The City of Dorval lost a lengthy legal fight to prevent the youth protection agency from changing the vocation of its Dorval centre, when the Supreme Court of Canada yesterday refused to hear the city's appeal aimed at blocking the agency's plans.
The city had refused to issue a building permit to Batshaw, armed with a petition containing close to 4,000 signatures from residents opposed to the agency's plans to build high-security units on its property.
Not in city core: Dorval mayor
The existing youth rehabilitation centre is in a residential neighbourhood, and many residents are angry Batshaw will be allowed to proceed.
"The facility for really hardened juveniles, I would say....they shouldn't have that here," said Karin Schoriese, who lives right across the street from the centre.
"We don't want a detention centre of that type of closed unit in our centre core of Dorval," said Dorval Mayor Edgar Rouleau.
No dangerous criminals, agency says
A spokeswoman for Batshaw said Dorval residents need not worry, as dangerous criminals will not be housed in the locked units.
"Most of the youths who are in this closed unit are [there] under the Youth Protection Act," said Pascale Berardino, the coordinator of Batshaw's legal office. "They are not young offenders, per se."
Those teenagers are now being housed at Batshaw's Prévost campus, which began as the Shawbridge reform school for boys more than a century ago.

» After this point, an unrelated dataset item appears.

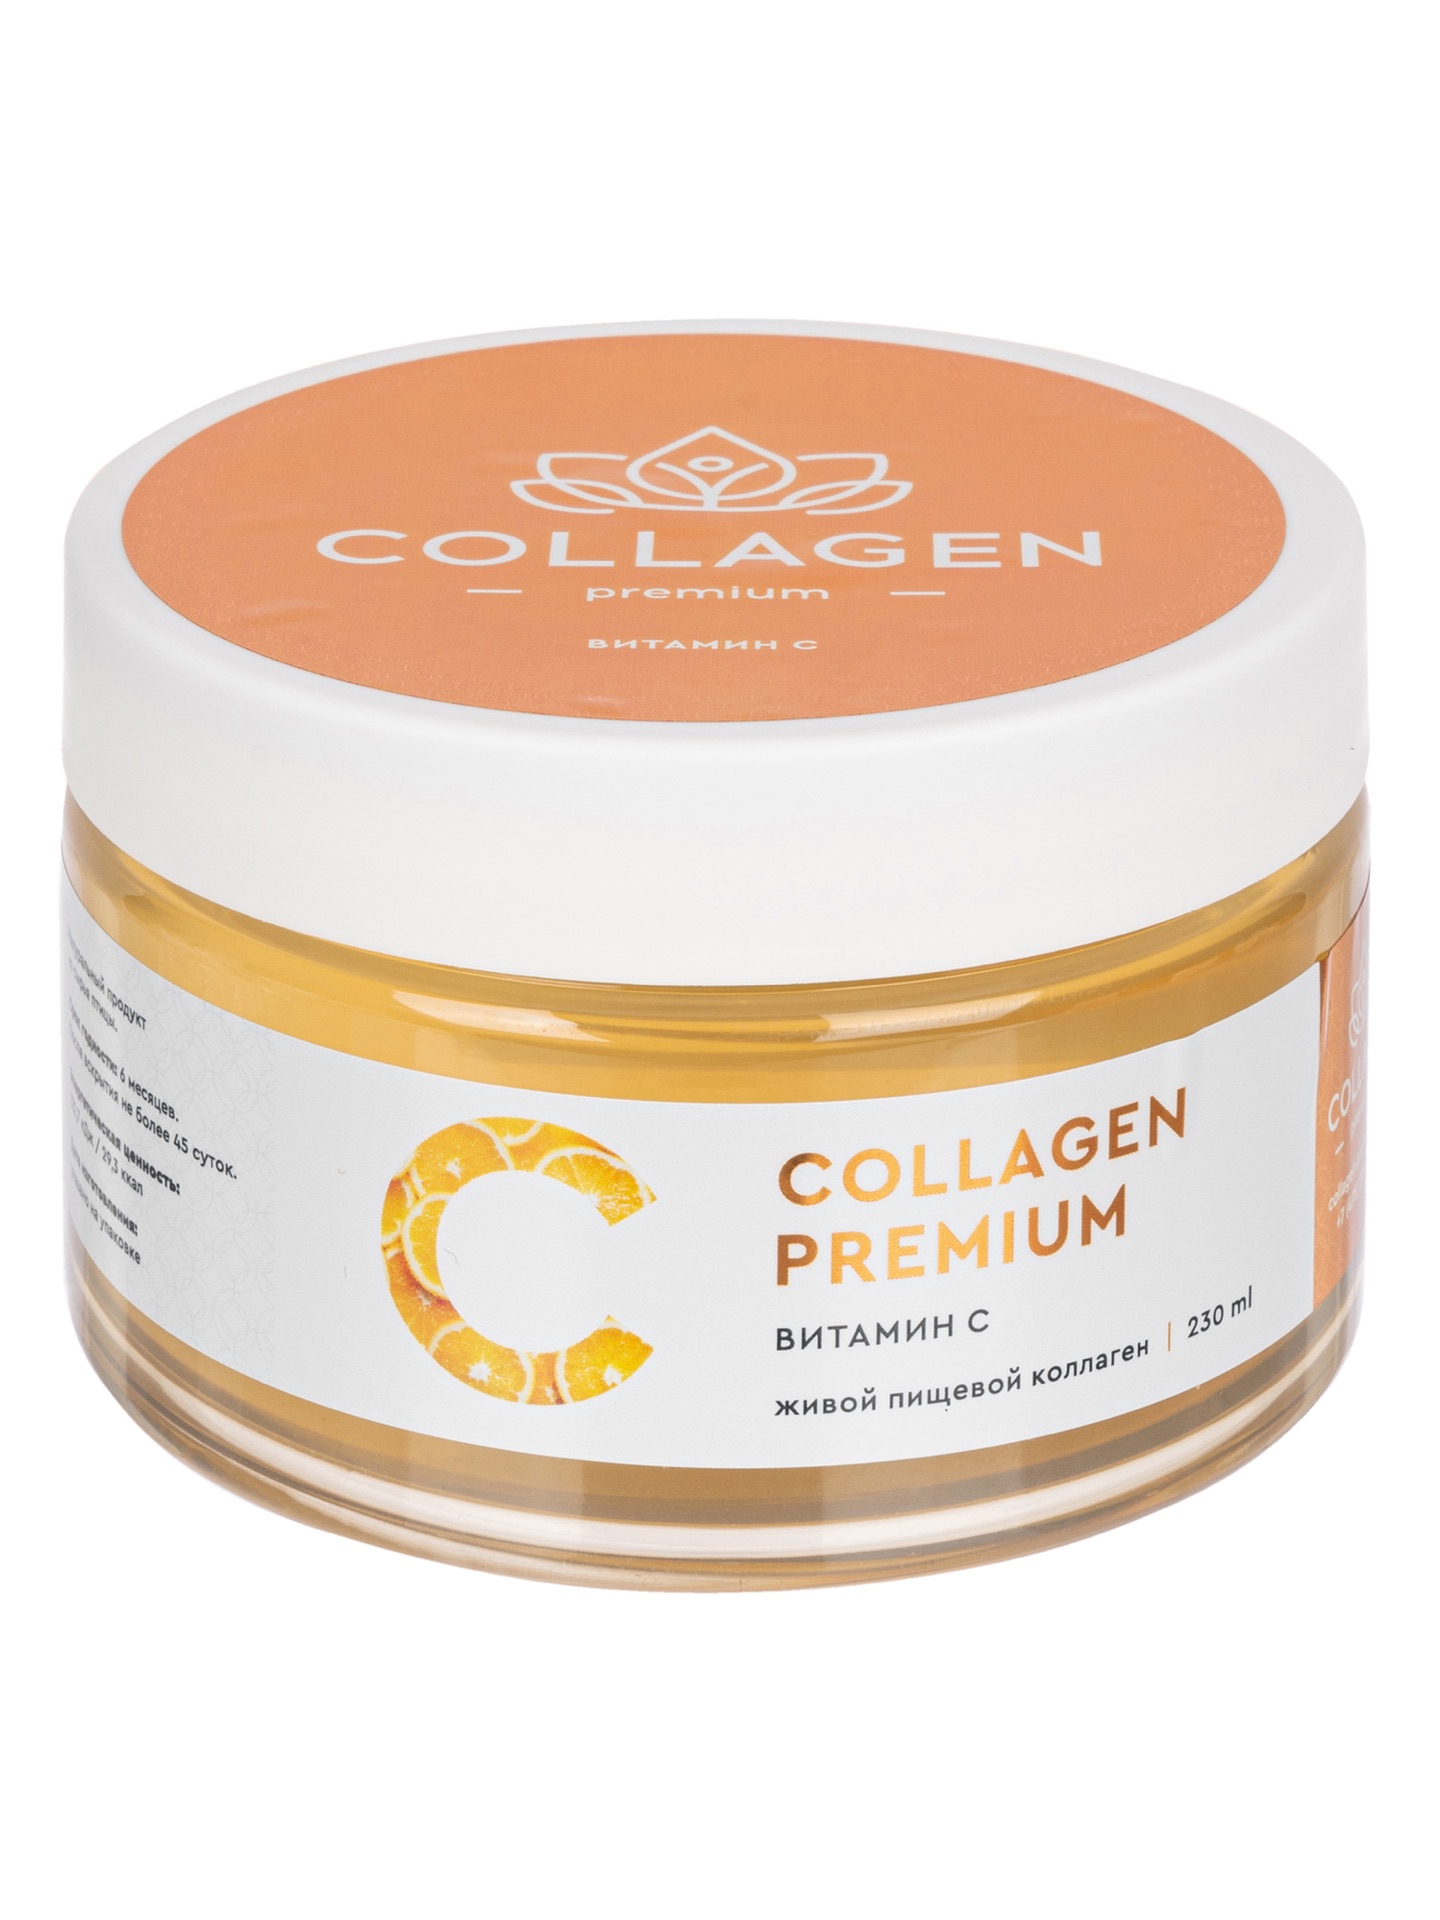 Collagen-premium c витамином С

"They are in buildings that are very old," said Berardino.
"They need to be close to their family and in modern facilities, so that we can have our programs being more effective," she said.
Batshaw's expansion project, estimated to cost $30 million when it was proposed nearly five years ago, includes building a brand-new residential centre in Beaconsfield on its Elm Avenue property, which now houses the non-profit Portage substance abuse rehabilitation program for anglophone teens.